An Inductively Active Filtering Method for Power-Quality Improvement of Distribution Networks With Nonlinear Loads

This paper proposes an inductively active filtering (IAF) method to comprehensively improve the power quality (PQ) for not only the distribution network (public grid) but also the power-supply system (nonlinear load) connected to the network. At first, a new main-circuit topology for implementing the IAF method is presented, which consists of an inductively filtered transformer and a fully tuned branch controlled by an inverter. Its operating principle and technical features are introduced by comparing with the traditional active filtering method.

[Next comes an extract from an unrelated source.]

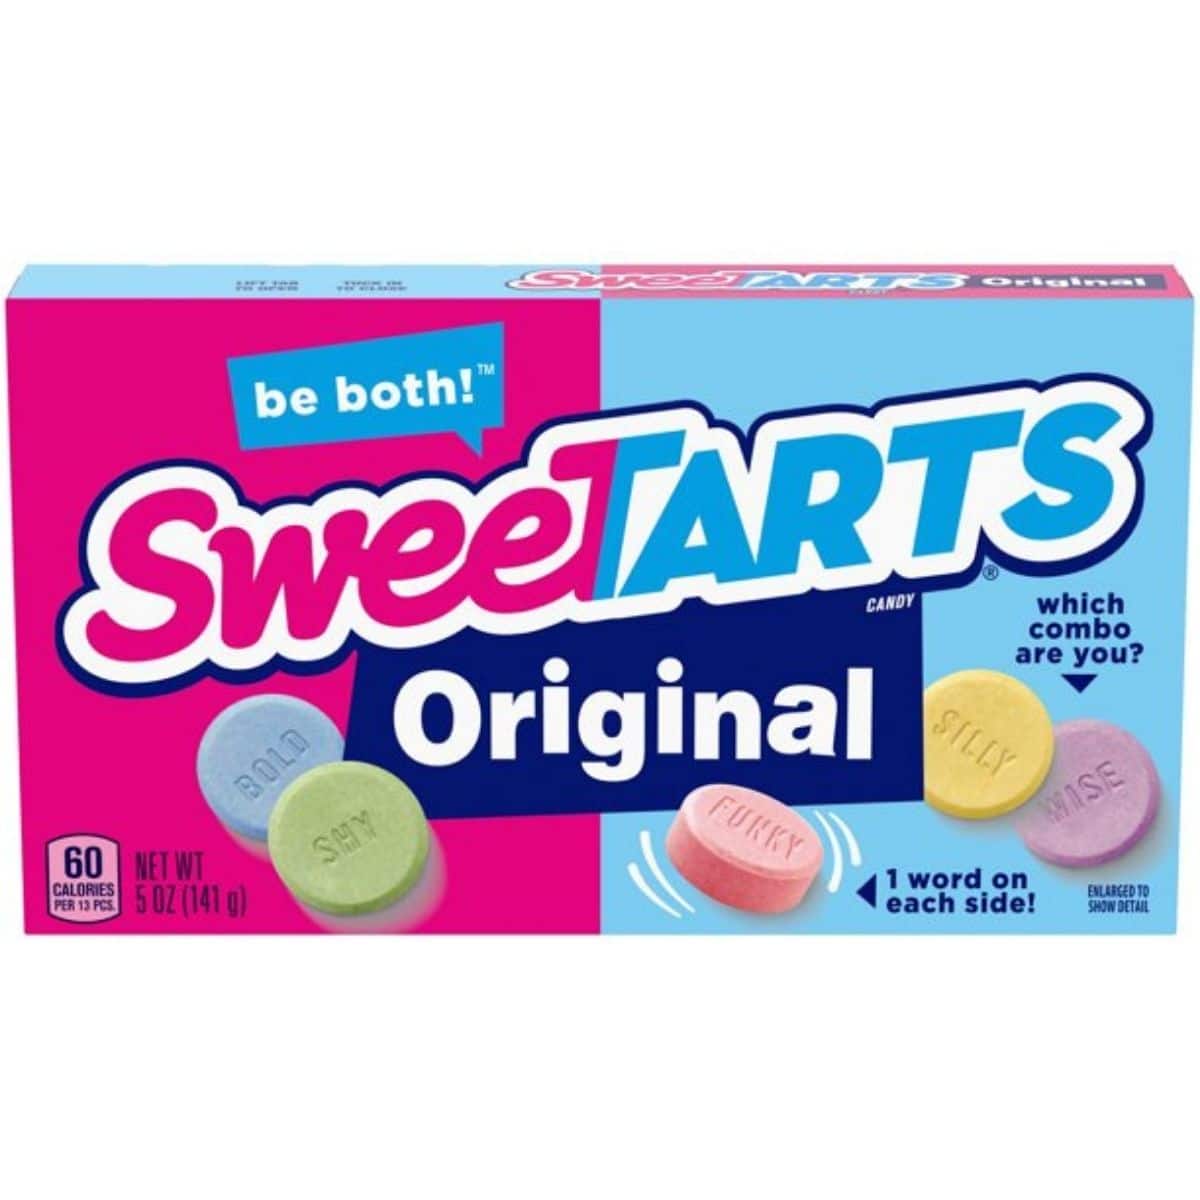 A box of original Sweetarts.

Based on this, the equivalent circuit is established and by means of mathematical modeling, the unique filtering mechanism of the IAF method is revealed in theory. Further, the control strategy of the FT branch and the impedance coordination for the inductively filtered transformer are designed based on theoretical analysis. A case study is investigated in detail to illustrate the operating characteristics of the IAF method. Both the theoretical and the case studies show that the IAF method can effectively prevent harmonic components from flowing into the primary (grid) winding of the transformer. Since the harmonic components are suppressed near the harmonic source, it is good for the power-supply system and especially good for the converter transformer. Besides, since the harmonic flow is limited to near the harmonic source, the PQ of the public network can be guaranteed completely.